到着後、お手伝い頂くボランティア連絡協議会の方たちを始め新地町の皆さんと、全国からの混成部隊の顔合わせをして、早速設営を開始。この時の様子を、東京から参加したSYさんが、次のようにSNSへ投稿していました。
「さあ、テント張り。が、『どこにテント持ってく?』と・・・テキトーなのね。各テントの責任者も決まってないみたいだし。その場の指示で駐車場の広場に面して8張りのテントが張られ、明石からやってきたトラックから荷下ろしが始まります。OTさんのダッジからもお手製のスーパーボールすくい、ヨーヨー釣りのプール、水風船ダーツのパネルなども下ろします。本部テントの場所を決めて、その脇にチョコレート配布場所、牛乳配布場所を決め、あとは食べ物類のテントに。なんとかなっちゃうんですねー・・・すごいなー・・・・」
で、私はと言えば、それまでに何回か被災地を取材する中で、被災された方たちから「ああ、魚が食いたい」という声を聞いていました。海のそばで暮らし、おそらくいつも新鮮な魚を食べていたであろう人たちが、魚を全く食べられず、おにぎりやカップ麺ばかりの生活。それを見ていて、この人たちに魚を食べさせてあげたいなあ、とず~っと思っていました。

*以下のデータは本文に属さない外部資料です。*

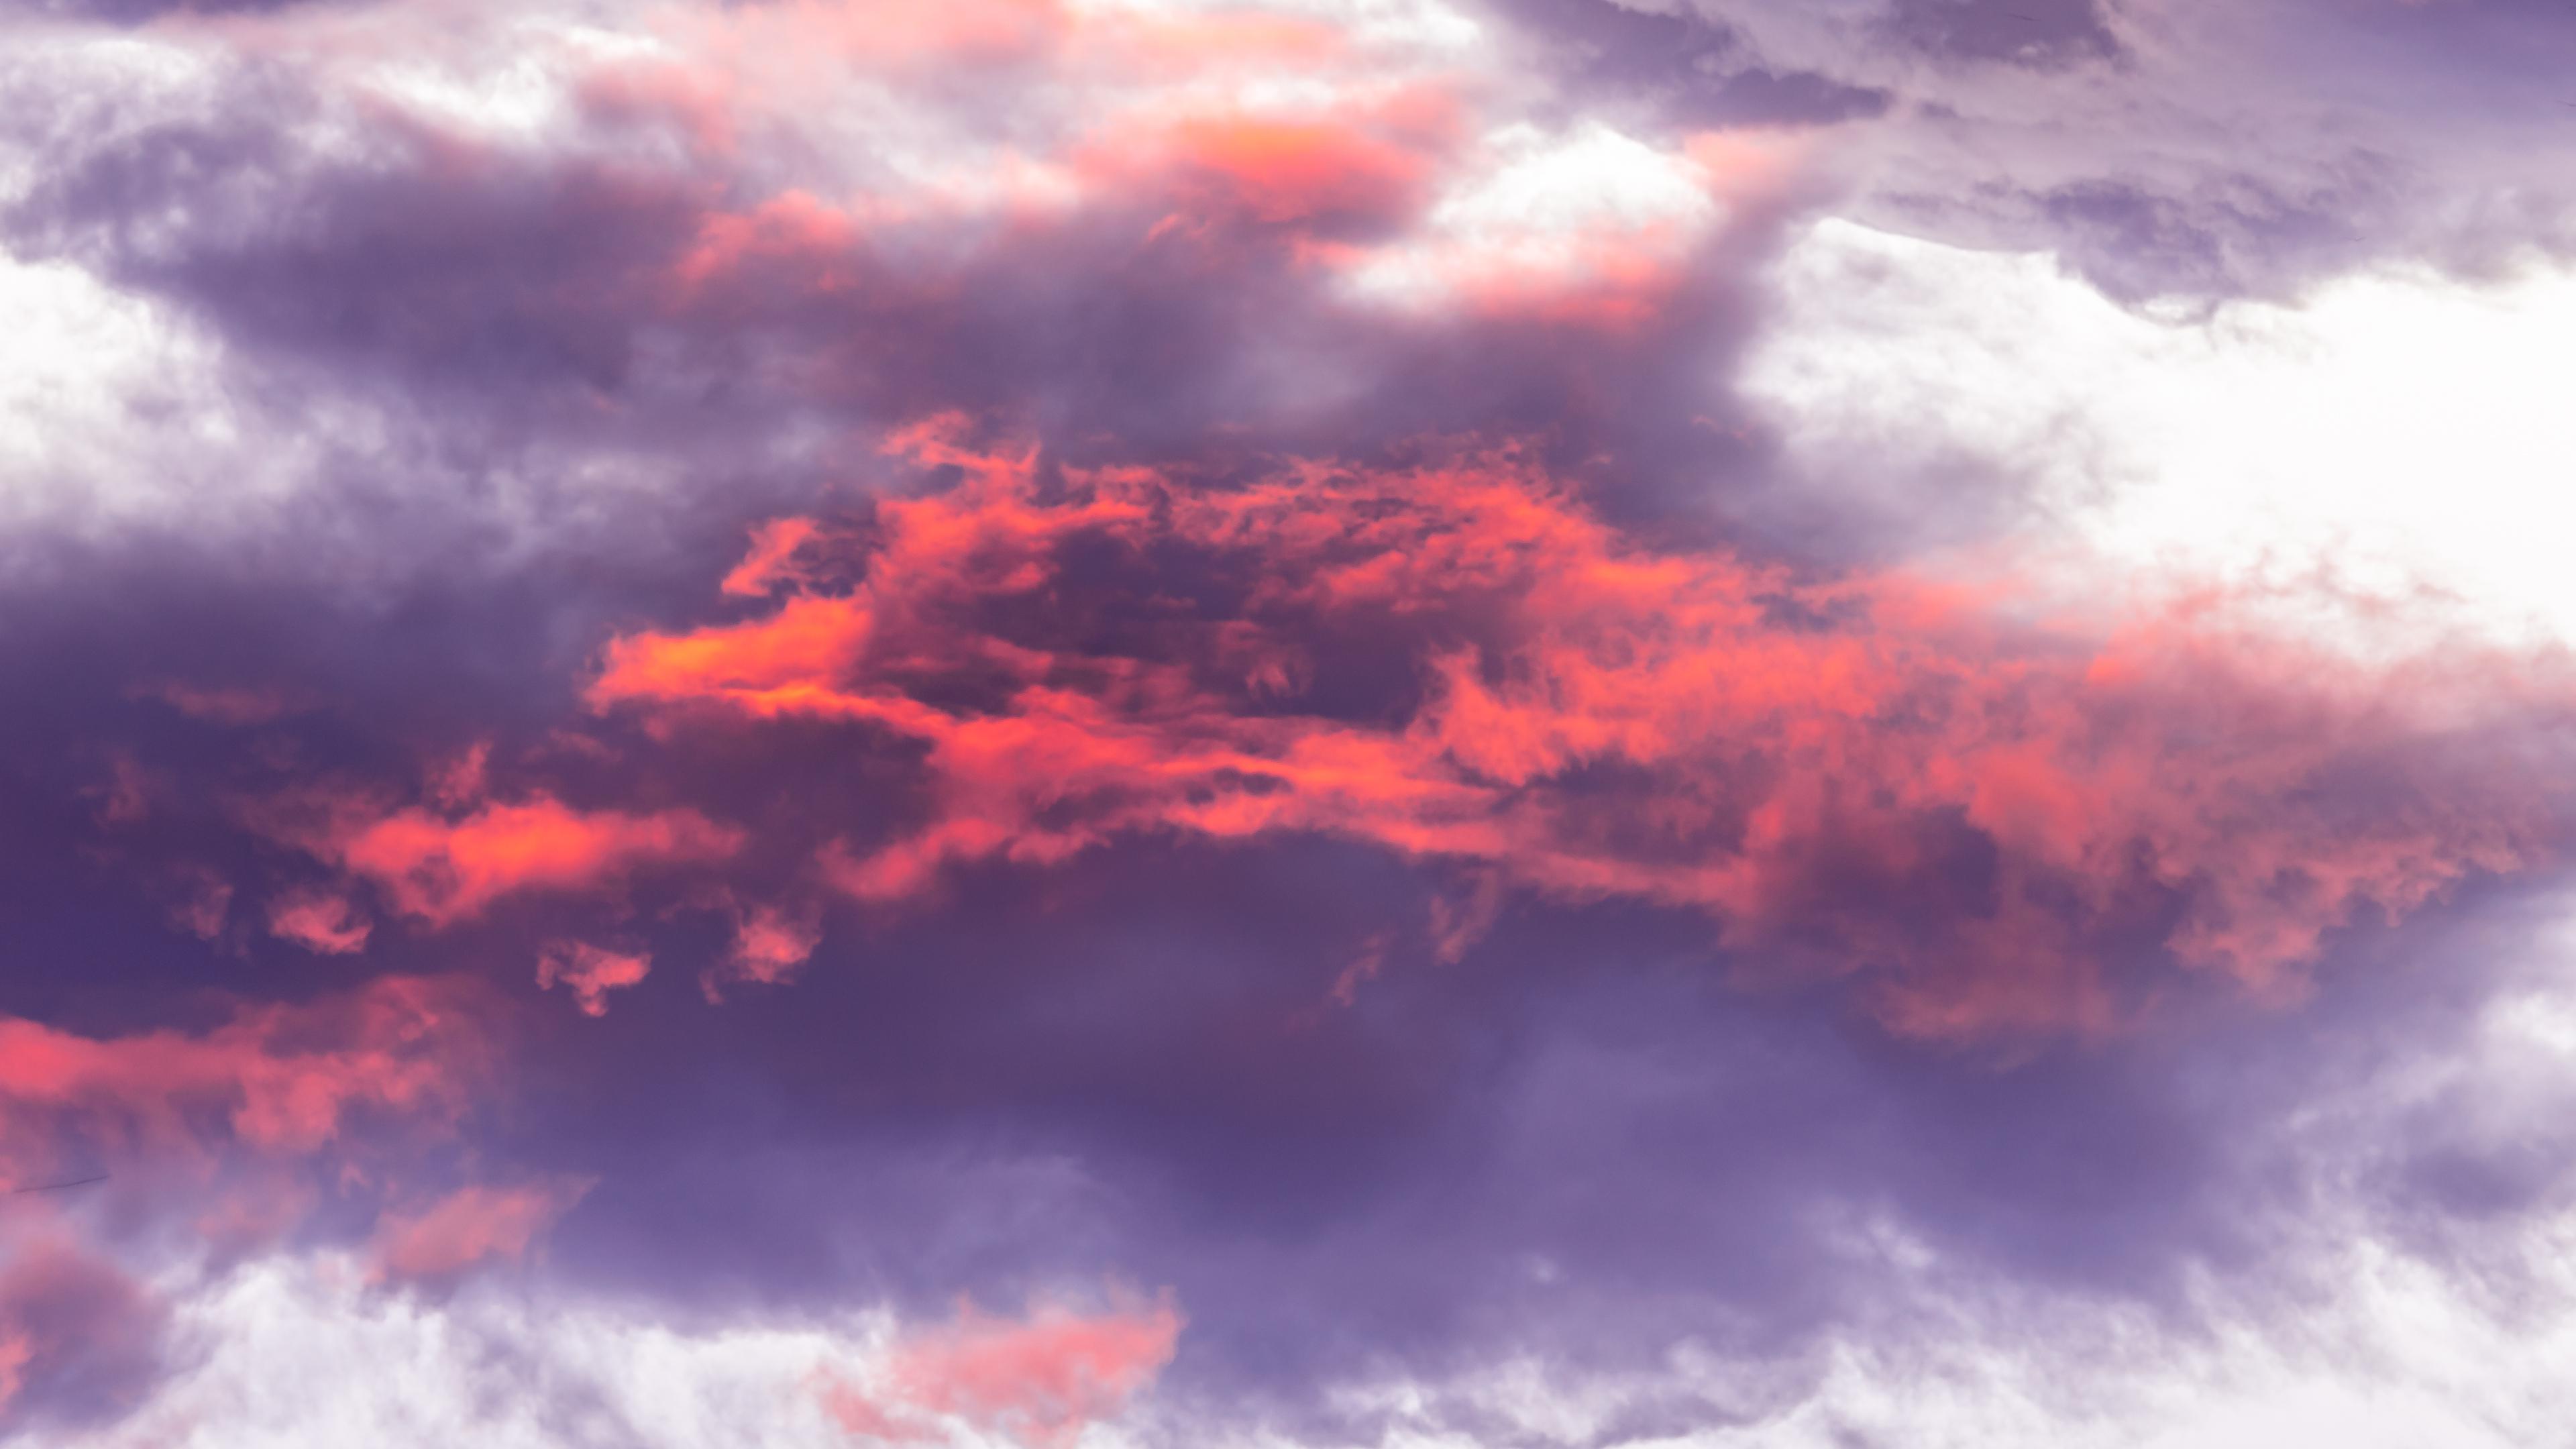 Cloud 4K wallpaper for your desktop or mobile screen free and easy to download

それが今回、明石のSCさんがサンマを、敦賀のSNさんが若狭カレイやカワハギなどを用意してくださり、それらが炭火で焼かれ、被災された皆さんに提供されました。それを見て、本当にうれしくて、私もちゃっかり焼き方を担当させてもらいました。
炊き出しイベントから1年半ほど経った頃、相馬で取材があり、その際、常磐線代行バスを利用してみたところ、新地は、炊き出しイベントの会場だった町役場になっていることを知りました。夜だったので、新地では下りずにそのまま相馬へ向かいましたが、取材を終えた帰りに、新地停留所で途中下車してみました。

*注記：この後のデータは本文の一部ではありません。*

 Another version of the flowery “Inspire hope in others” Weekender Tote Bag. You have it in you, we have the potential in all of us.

そして、周辺を歩いてみたところ、役場近くの仮設店舗には、炊き出しイベントで受け入れ窓口になってくださった笹原さんの歯科クリニックも入っていました。残念ながら、その日は休診日だったようで、お会いすることは出来ませんでしたが、少しずつ元の生活に戻っていることを知り、うれしく思いました(2014年3月からは、南相馬市原町区から新地町へ移転してきた総合病院・医療法人伸裕会渡辺病院の歯科医として勤務されているそうです)。
JR常磐線の新地駅は、ホームと跨線橋を残して、津波で壊滅。駅に停車していた列車も数十メートル押し流され大破してしまいました。当時、列車には約40人の乗客が乗っていましたが、偶然乗り合わせていた警察官2人の誘導で高台に避難、乗務員も跨線橋に避難して無事だったそうです。

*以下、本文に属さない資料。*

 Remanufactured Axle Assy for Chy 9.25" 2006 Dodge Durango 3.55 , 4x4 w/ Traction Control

震災から約1カ月後の4月12日から、常磐線代行バスの運行が開始され、新地町役場前停留場が設置されましたが、ここは代行バスの快速便が途中停車する唯一の停留場となっていました。その後、2016年12月10日に宮城県亘理町の浜吉田駅と相馬駅間で、常磐線の運行が再開されたため、新地停留場は廃止、新地駅は旧駅舎から約300m西に移設された新駅舎で営業を再開しました。